At its core, geophysics is about uncovering what lies underground. It’s a discipline that supports a wide range of scientific applications, from hydrocarbon exploration to environmental remediation. At WMU’s Hydrogeology Field Camp, Mine ensures her students genuinely understand how geophysics applies to various aspects of science.

“Certain applications of geophysics can serve different areas of science,” Mine explained. “We have seismic methods, like seismic reflection, that we use for deep underground formations, usually for hydrocarbon exploration, petroleum, and gas. We also have instruments and methodologies that we use to aim for more shallow depths, typically down to 100 meters—and we use those methods to track how environmental issues have changed the physical properties of the ground.”

To explain how this all works, Professor Dogan shares a relatable scenario.
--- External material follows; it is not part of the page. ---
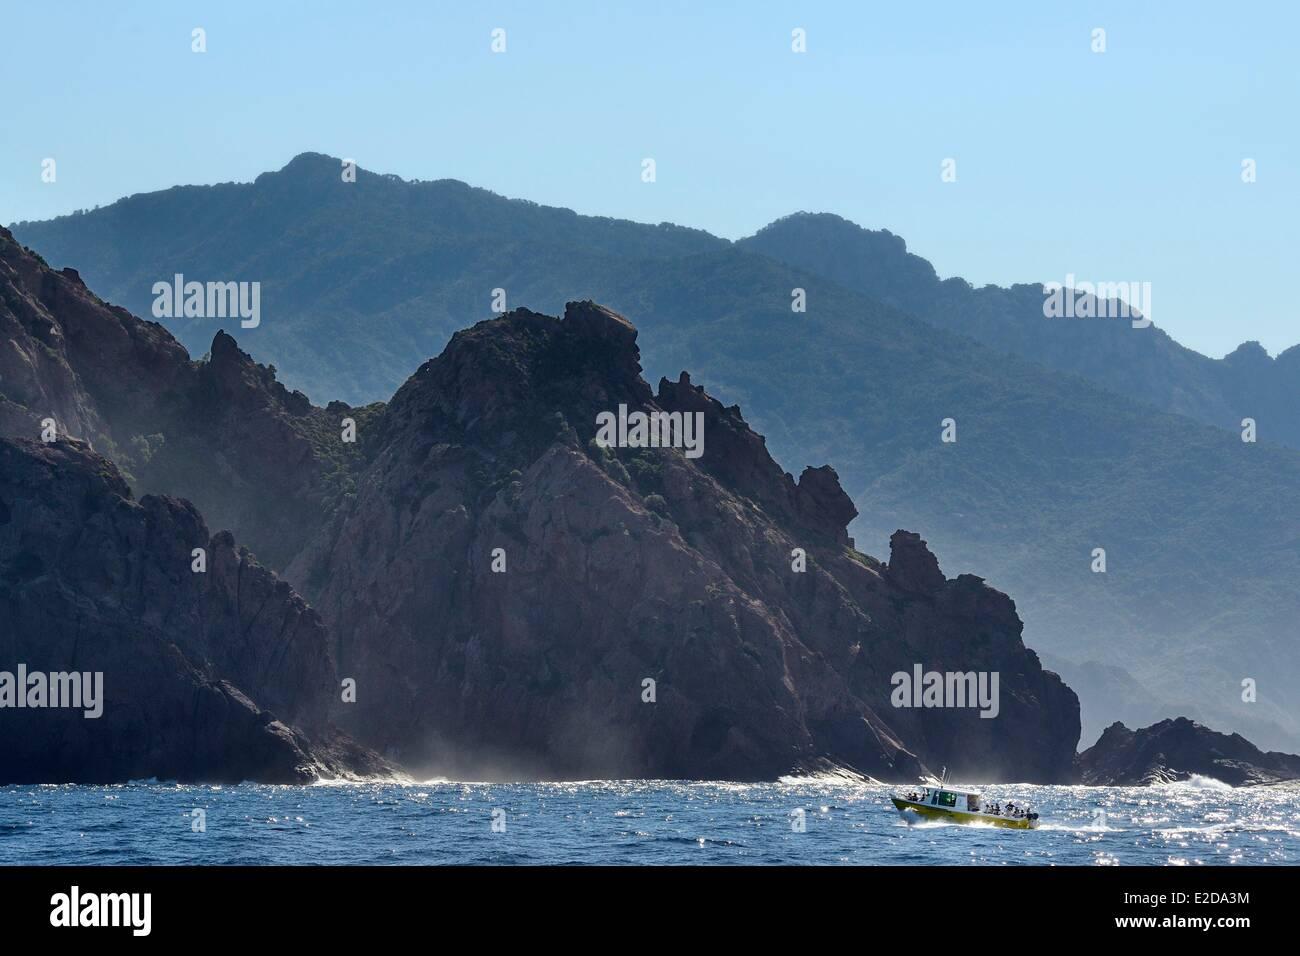 Frankreich, Corse du Sud, Golfe de Girolata, Weltkulturerbe der UNESCO, der Capo Senino Stockbild

Imagine owning a home with an ocean view and drilling a well in your backyard to water your garden. You’re expecting fresh water, but because you’ve pumped too aggressively, you deplete the aquifer and pull in salt water from the ocean. That salty intrusion contaminates your groundwater and is considered environmental pollution.

This is where electrical resistivity comes in. Pure water has extremely high resistivity—it doesn’t conduct electricity. But add a grain of salt, and suddenly the sodium and chloride ions make the water conductive. By measuring the resistivity of subsurface layers, geophysicists can detect these changes. If there’s salt water present, it shows up as a zone of low resistivity. That highlights exactly where the contamination is and how far it’s spread. From there, a remediation plan can be developed, like injecting fresh water into the aquifer to push the salt water back out toward the ocean. In other words, geophysics makes it easy to see what’s happening under the surface. And in Mine’s course, students learn how to gather, visualize, and analyze this insight so they can tackle real-world, complex challenges.

To equip students to successfully approach complex challenges in the real world, Mine guides them through various parts of the scientific process: gathering data, visualizing it, and analyzing it to see what the information reveals. To jumpstart this process, students collect electrical resistivity data, which they gather using 1D, 2D, and 3D survey schemes. With the 2D approach, Mine helps the students create a cross-section of the ground. Then, from there, she instructs students to use Surfer to bring their data to life. 

“My students put together the electrical resistivity measurements they collected into an XYZ file,” Mine explained. “They grid that and create a contour map of that cross-section.”

The students’ maps reveal how electrical resistivity values change with depth and location, helping them locate key features such as a water table boundary and buried targets, the latter being particularly interesting. The field camp’s dedicated test site—originally designed by a former professor—includes buried objects that simulate real-world conditions. It’s the students’ job to find those objects using various data collection methods, including electrical resistivity. But electrical resistivity is just one tool in their toolbox.

Students also explore magnetic methods, which focus on detecting metallic objects underground. Why does this matter? Because metals like iron and nickel become weak magnets when exposed to the Earth’s magnetic field. If a sealed steel drum filled with hazardous chemicals was buried decades ago—and is now corroding and leaking—students must be able to track it down by measuring how it disrupts the Earth’s magnetic field. Fortunately, there are steel drums buried in WMU’s test site. Using magnetic readings and Surfer’s visualization capabilities, students map anomalies and locate these underground hazards with impressive precision.

“We live in the Earth’s huge magnetic field,” Mine explained. “So your keys in your pocket are weak magnets because they sit in that field. When something underground disturbs that field, our instruments can pick it up, and our students can find it.”

The final method students practice is electromagnetic surveying, which is especially useful for identifying conductive objects, including those same steel drums. Because they’re metal, they generate secondary electromagnetic fields when excited by a primary field. Students are responsible for measuring the distribution of these fields and using Surfer to visualize the data and pinpoint buried objects.

“Surfer plays a central role in helping my students interpret what’s beneath their feet,” Mine said. “The moment they grid their data and see that target light up, it all clicks. The software turns numbers into meaning.”

That moment where the map comes together and the hidden target is revealed isn’t just an educational milestone. It’s a moment that brings students genuine joy. As Mine explained, “The happiest they are is when I tell them we have a buried target, and they’ve found it. That’s the moment they’ve found the treasure.”